And it will be the only one we will be able to show, as he passed away suddenly on November 10, 2025.

PC: PHwSF
Brandon was a master of food. He understood it, celebrated it, and helped elevate it—particularly through his work with L&L Drive Inn (now L&L Hawaiian Barbecue), which grew into one of Hawaiʻi’s largest restaurant brands under his watch. Fittingly, the one piece he wrote for Politics Hawaii was about food, its history, and L&L’s place in that story.
As part of our in memoriam for Brandon, and in recognition of his role in the creation of this blog, we reissue his original piece here, faithfully reproduced.
Please enjoy.
A Celebration of Hawaii Casual Cuisine – L & L at 70
By Brandon Dela Cruz
In a get-together with the esteemed owner of this blog, I brought up the fact that L & L turned 70 in 2022. In his typical, “heh, now ain’t that somethin”‘ response, he casually asked me to provide some retrospect into it. I told him that I’d oblige his request with something better – I’d write about it.
In thinking about my tenure with the company which spans from the early 2000s and the legacy Hawaii brand known as L & L, it is incredible what has occurred. L & L has ushered a way for the cuisine of Hawaii to be enjoyed by the masses and has made a way for “Hawaii Fast Casual Cuisine” to become a thing internationally! To start, it behooves me to pay homage to the lineage of how the cuisine has gotten to where it is now. It is a cuisine that has changed, grown, added-onto, influenced, inspired, and evolved over many years to how it is L & L presents it through its roughly 220 locations in the present day.
Before the arrival of Captain Cook, Hawaii’s cuisine was primarily that which was offered by the indigenous people of the islands. Native Hawaiians cultivated their cuisine from many natural sources that spanned from the land to the sea including coconut and seaweed. From these sources, they would create a variety of dishes such as pork cooked from an underground oven called an “imu” that we now know as kālua pork. Pork and poi which was their main staple made from the Taro root. Perhaps the most well-known Hawaiian cultural cuisine offering is poke, or raw fish seasoned with a variety of condiments like sea salt and limu (a type of seaweed).

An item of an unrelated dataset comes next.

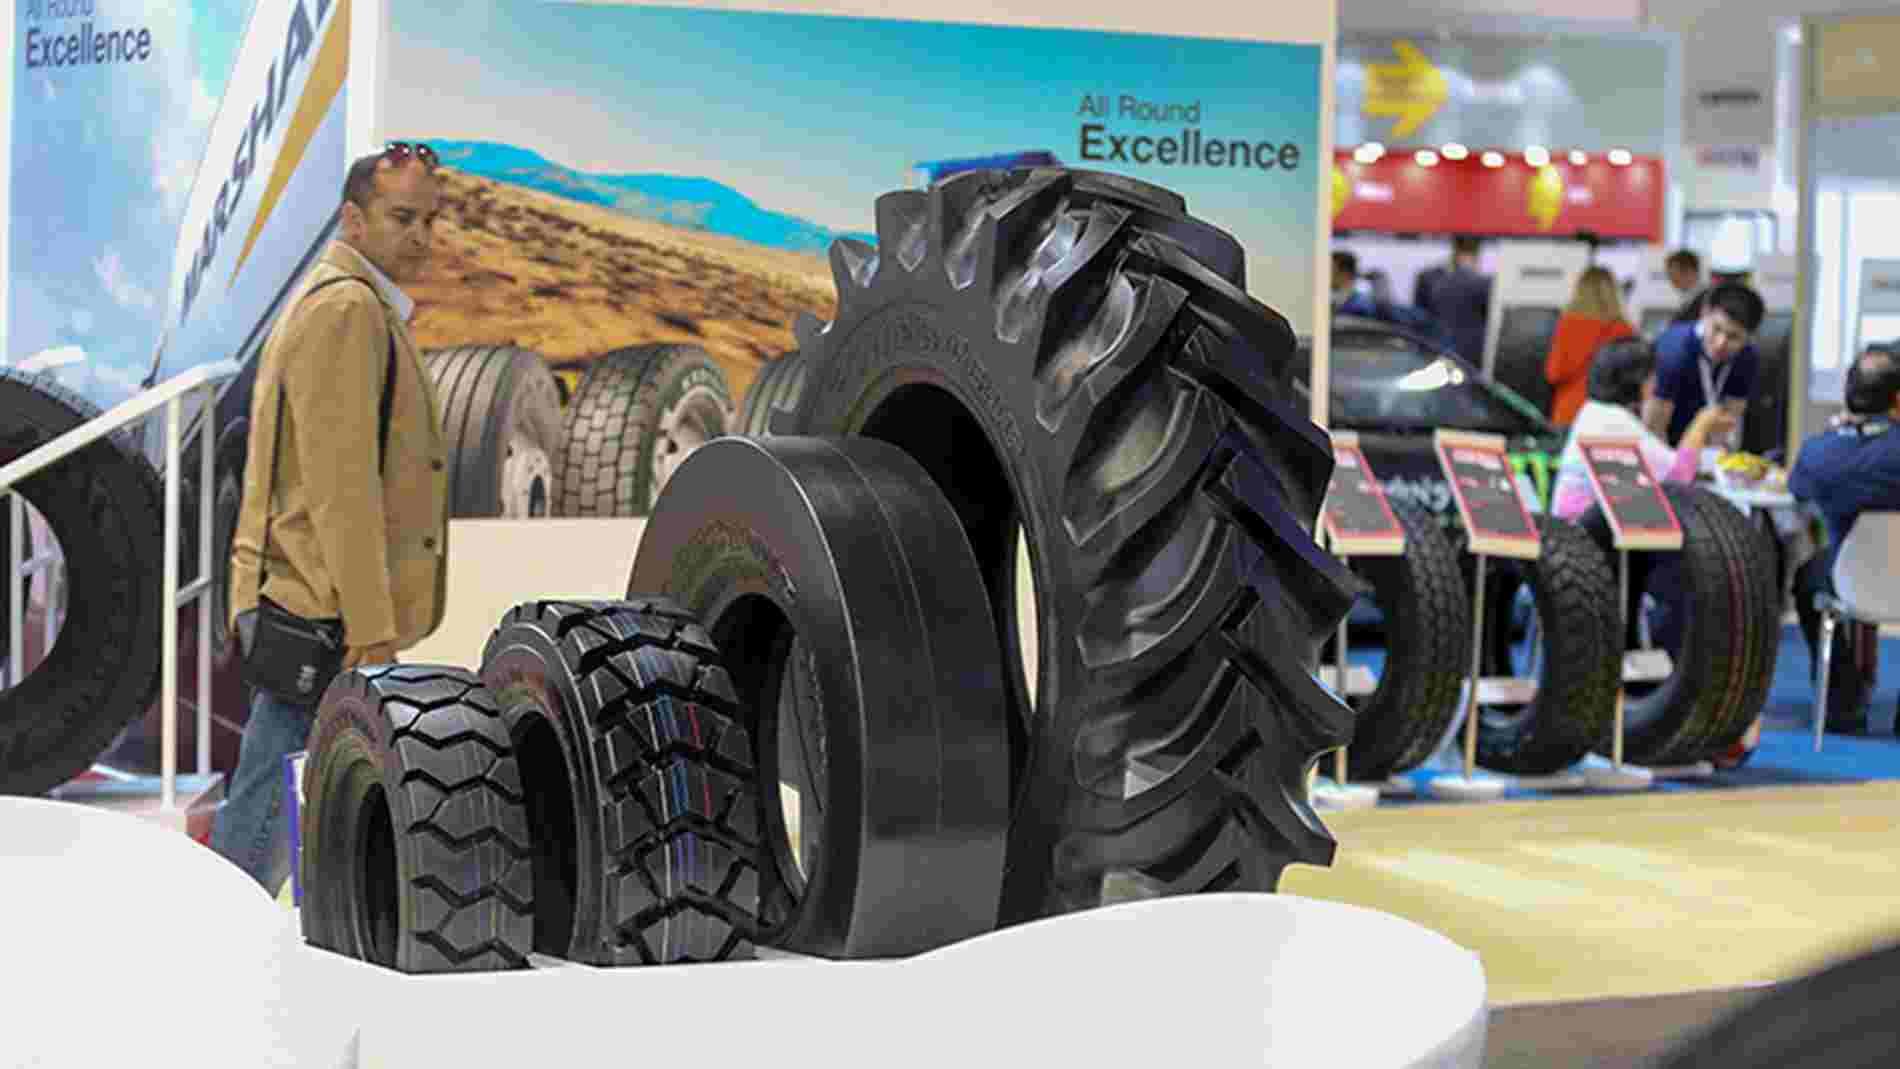 Automechanika Dubai June 10, 2019 to June 12, 2019

Photo Credit: Hawaii State Archives, Reference PP-49-4-014
In the mid-18th century, Hawaii was discovered by explorers from the west and became influenced by their customs and practices. Eventually, western business and commerce entered the area and ushered in Hawaii’s agricultural age. During the time that shaped this era of the islands, an influx of immigration from a variety of places around the world would occur to support the various opportunities in the bustling industry. Immigrants from China, Japan, the Philippines, Puerto Rico, and other parts of the world converged in the mid-1800s through the early 1900s to work in sugar and pineapple plantations providing labor support.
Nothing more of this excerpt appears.